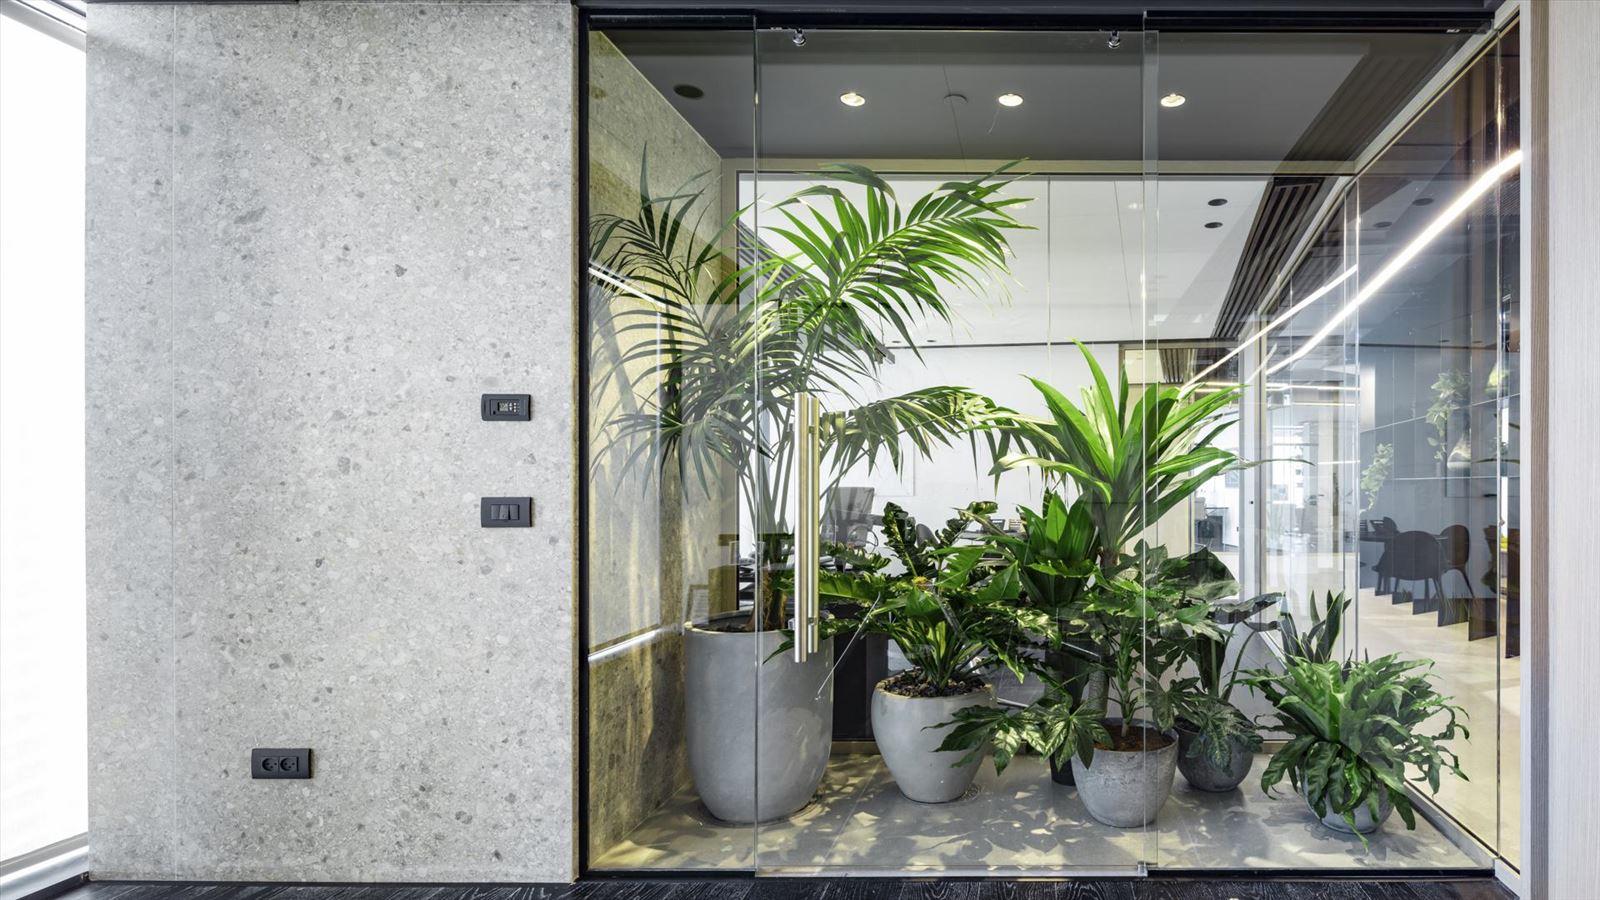 Fortissimo Offices – Tel Aviv גופי תאורה מיוחדים על צמחיית המשרד נעשה על ידי דורי קמחי
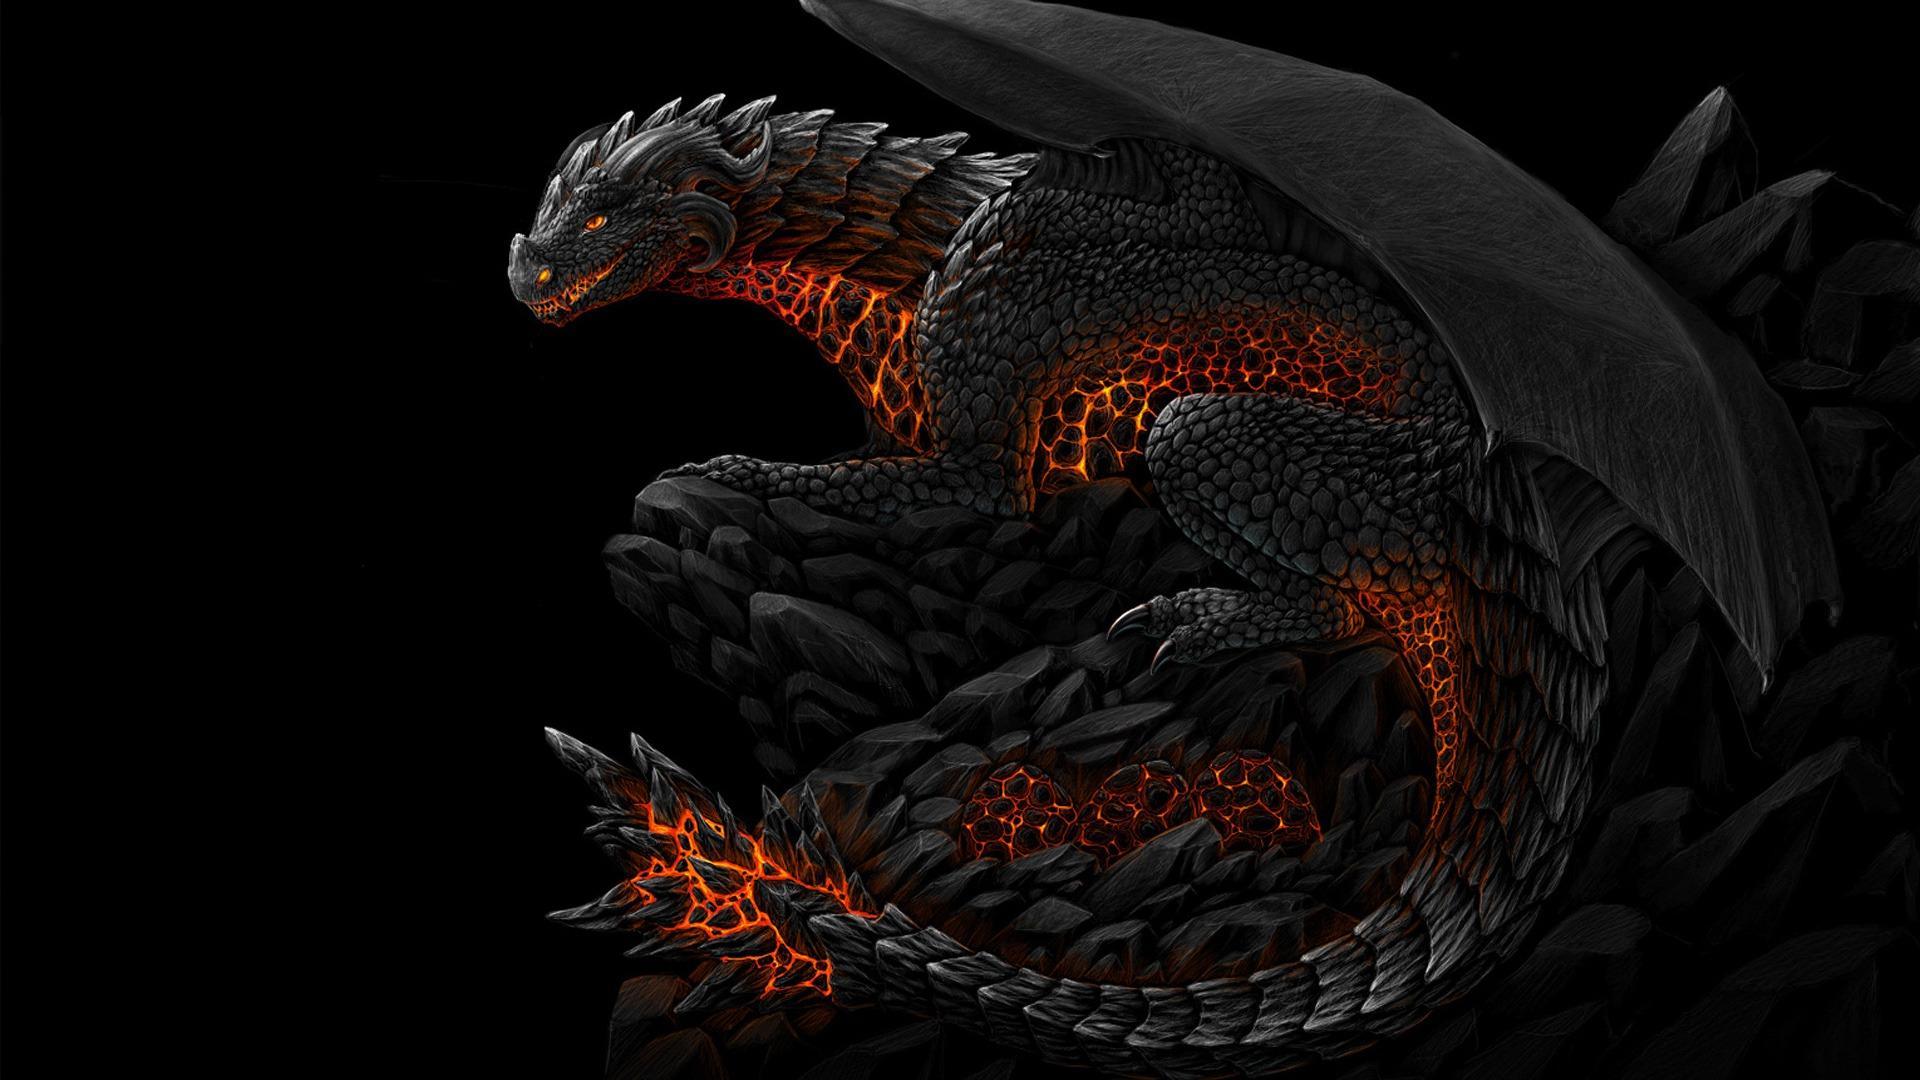 Black Dragon Wallpapers
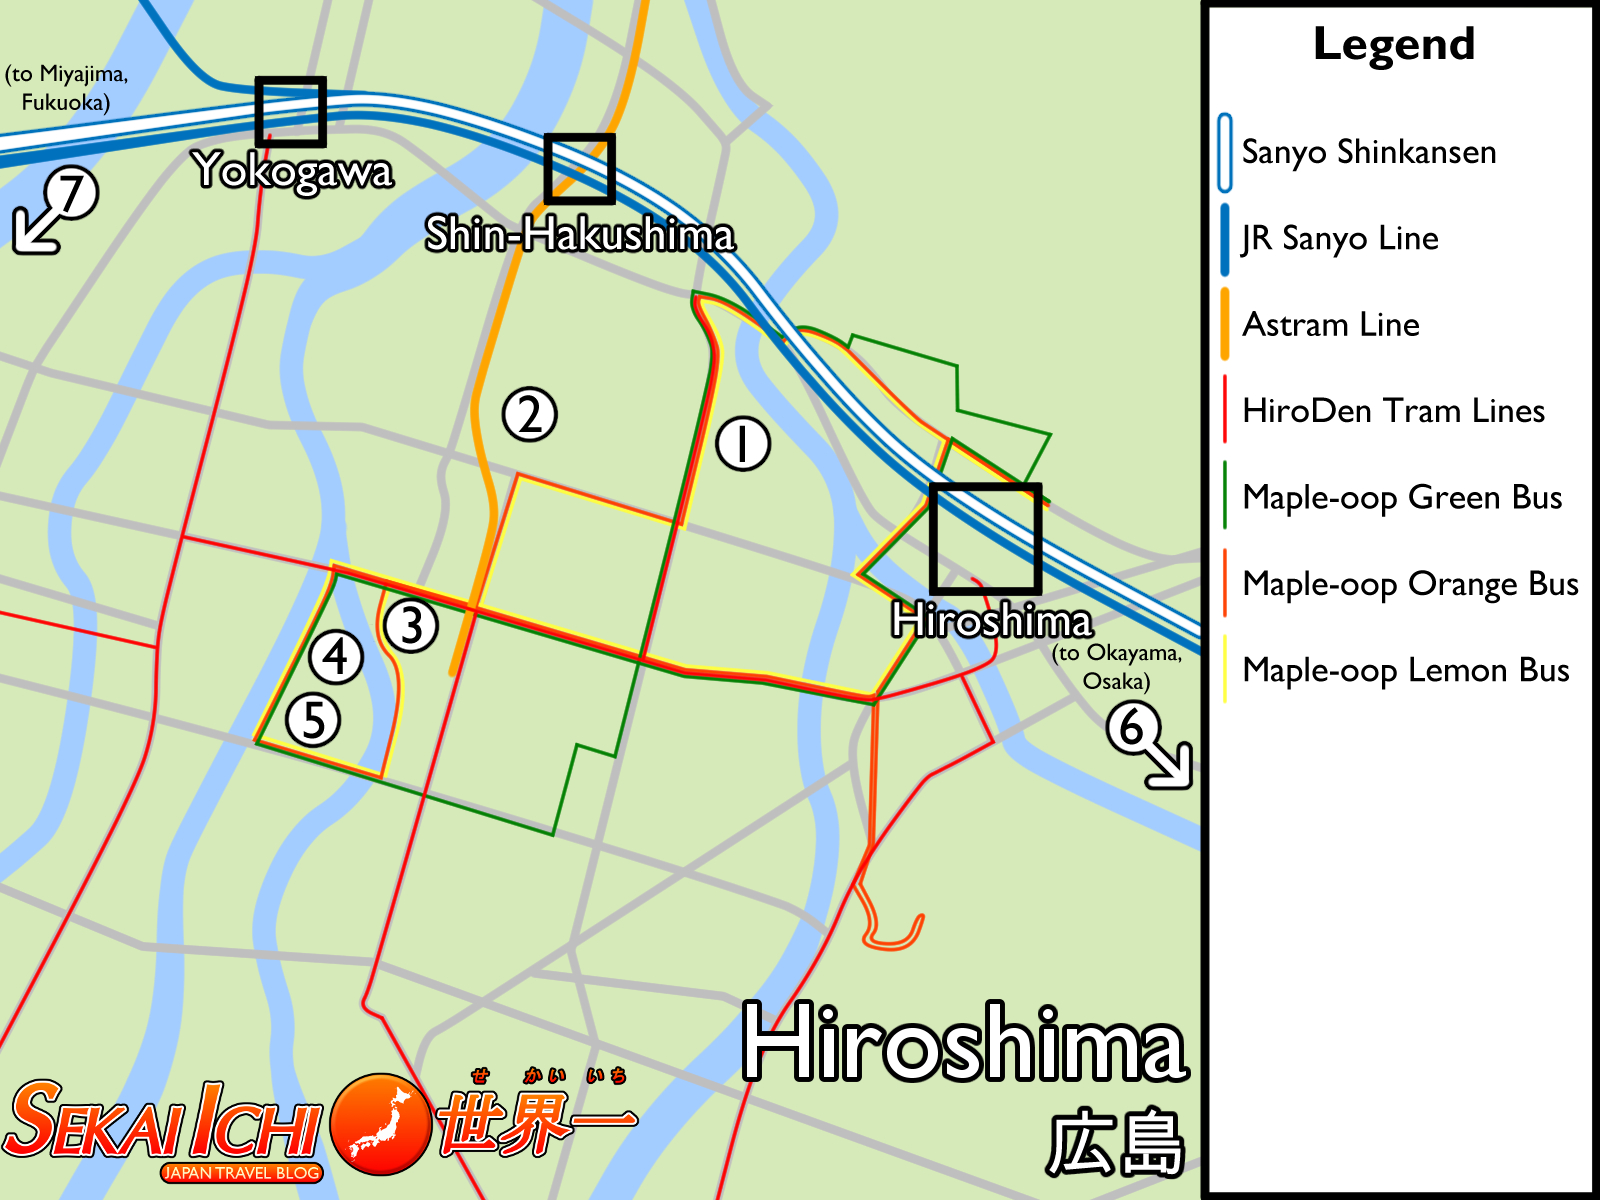 Sekai Ichi Japan Travel Blog Introduction to Hiroshima

Task details — Give back the whole listing exactly as it stands. Drop every picture.

Solution to the problem —
 Fortissimo Offices – Tel Aviv גופי תאורה מיוחדים על צמחיית המשרד נעשה על ידי דורי קמחי
 Black Dragon Wallpapers
 Sekai Ichi Japan Travel Blog Introduction to Hiroshima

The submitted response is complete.